TASK 12: Migrate plot_speaking_style_trait_scores

Location: /home/luigi/Documents/VoiceBranding/JPMC/Phase-3/plots.py (currently lines ~810-926)

Action: Rewrite horizontal bar chart with text annotations.

Current behavior:

  • Input: DataFrame with Voice, score, Left_Anchor, Right_Anchor columns
  • Output: Horizontal bar chart with anchor labels at bottom

New implementation:

def plot_speaking_style_trait_scores(
    self,
    data: pl.LazyFrame | pl.DataFrame | None = None,
    trait_description: str = None,
    left_anchor: str = None,
    right_anchor: str = None,
    title: str = "Speaking Style Trait Analysis",
    height: int | None = None,
    width: int | None = None,
) -> alt.Chart:
    """Plot scores for a single speaking style trait across multiple voices."""
    df = self._ensure_dataframe(data)

    if df.is_empty():
        return alt.Chart().mark_text(text="No data")
        
    required_cols = ["Voice", "score"]
    if not all(col in df.columns for col in required_cols):
        return alt.Chart().mark_text(text="Missing required columns")

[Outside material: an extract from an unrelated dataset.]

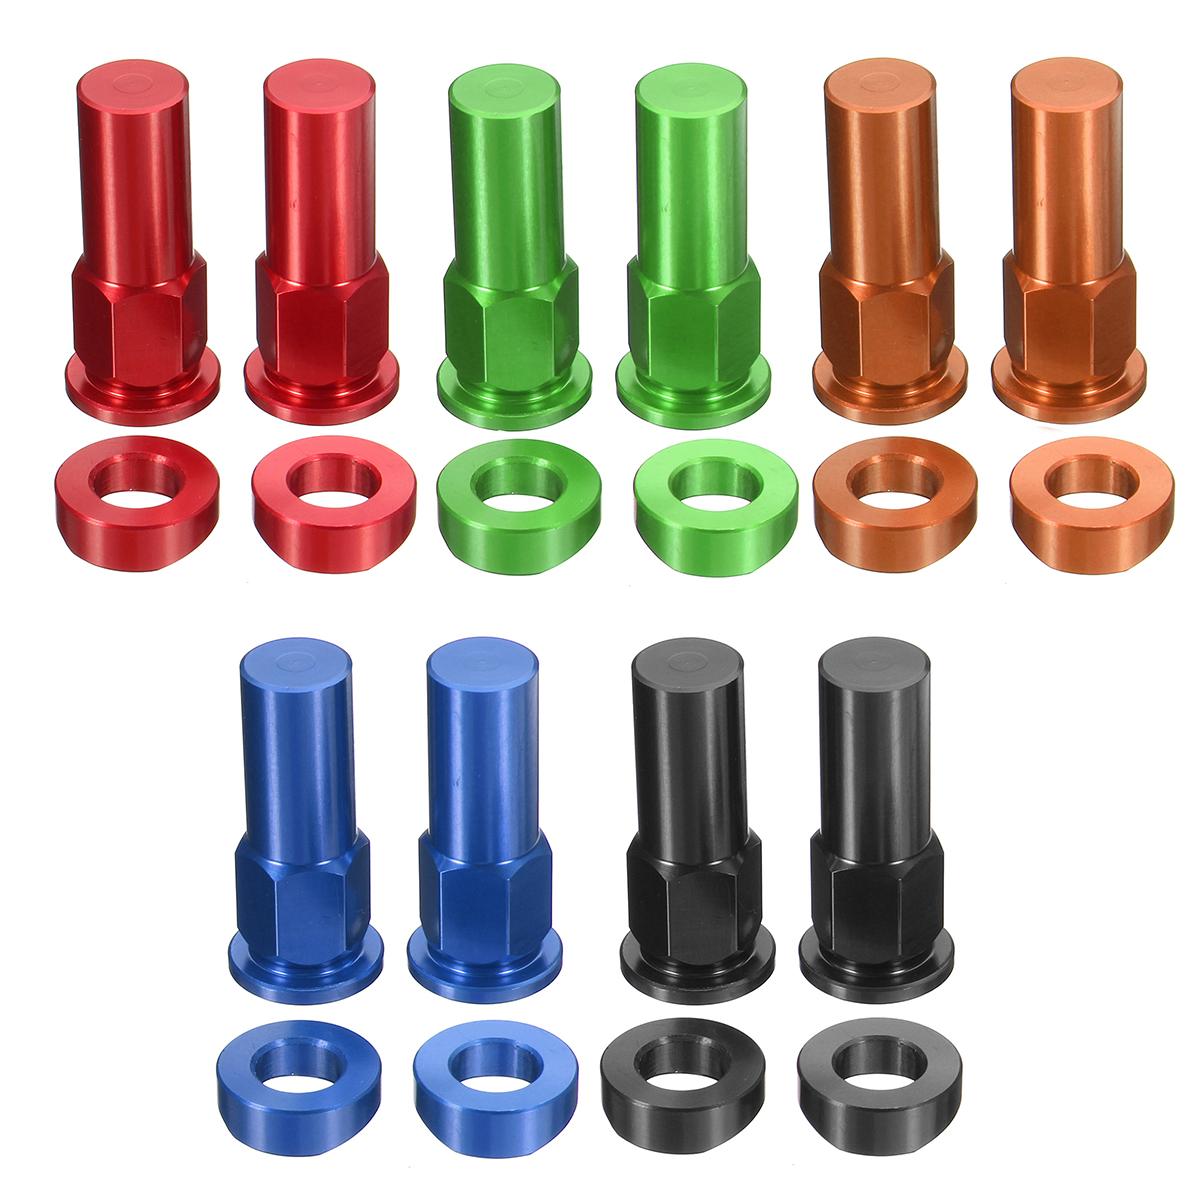 CNC Tusk Rim Lock Nuts Spacer Kit For Honda/Yamaha/KTM/Suzuki/Kawasaki/MX/Enduro
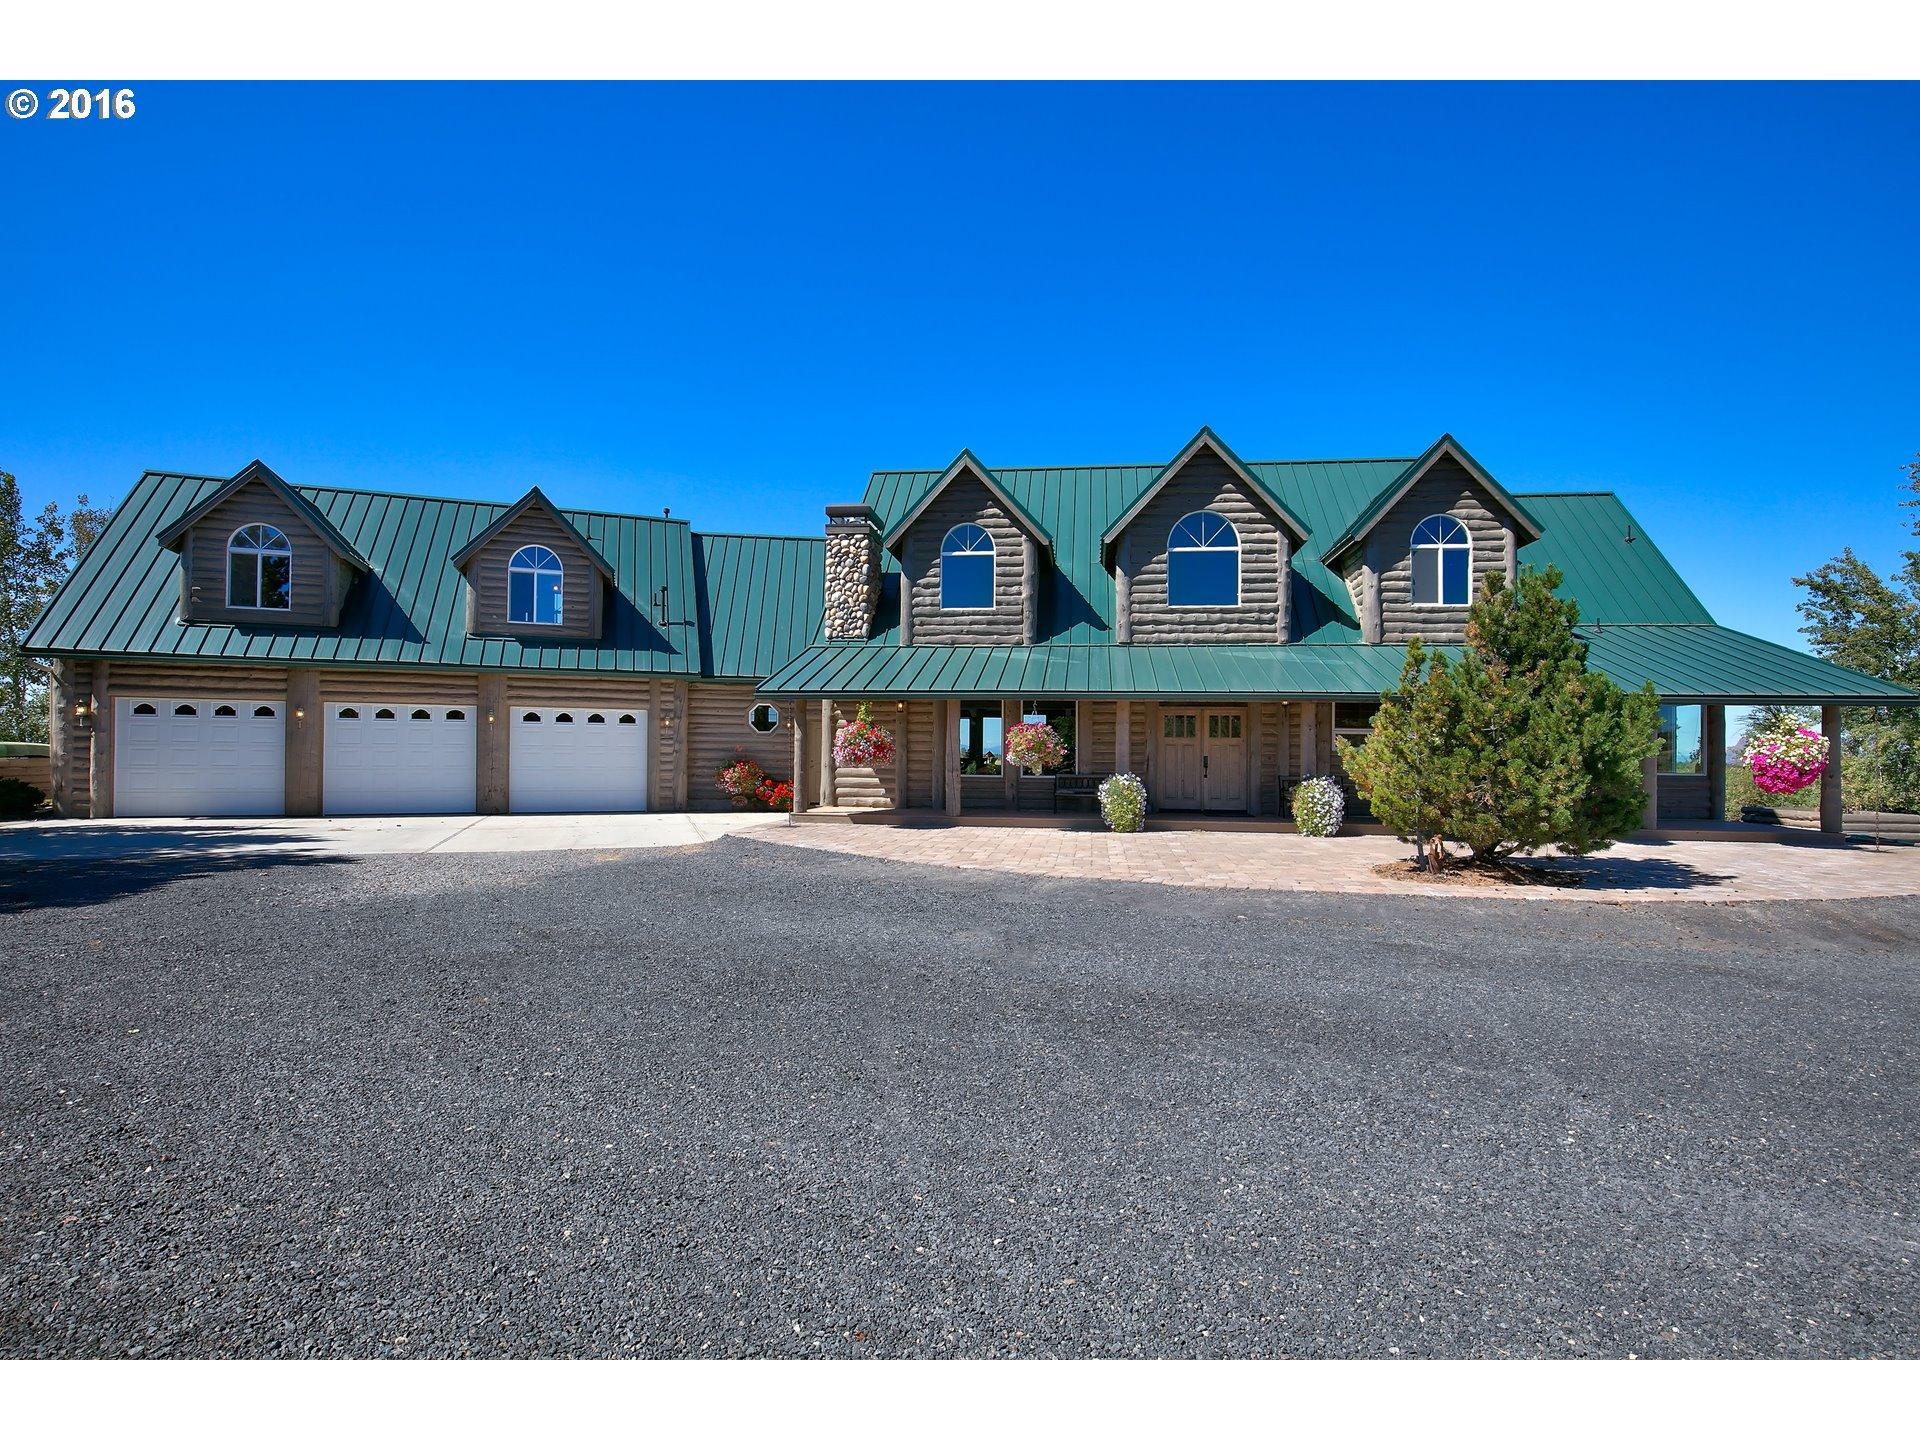 12865 SW CORNETT LOOP Powell Butte, OR 97753 - MLS #: 16313080

    # Calculate stats: Mean, Count
    stats = (
        df.filter(pl.col("score").is_not_null())
        .group_by("Voice")
        .agg([
            pl.col("score").mean().alias("mean_score"),
            pl.col("score").count().alias("count")
        ])
        .sort("mean_score", descending=False)  # Ascending for bottom-to-top display
        .to_pandas()
    )

    # Extract anchors from data if not provided
    if (left_anchor is None or right_anchor is None) and "Left_Anchor" in df.columns:
        head = df.filter(pl.col("Left_Anchor").is_not_null()).head(1)
        if not head.is_empty():
            if left_anchor is None:
                left_anchor = head["Left_Anchor"][0]
            if right_anchor is None:
                right_anchor = head["Right_Anchor"][0]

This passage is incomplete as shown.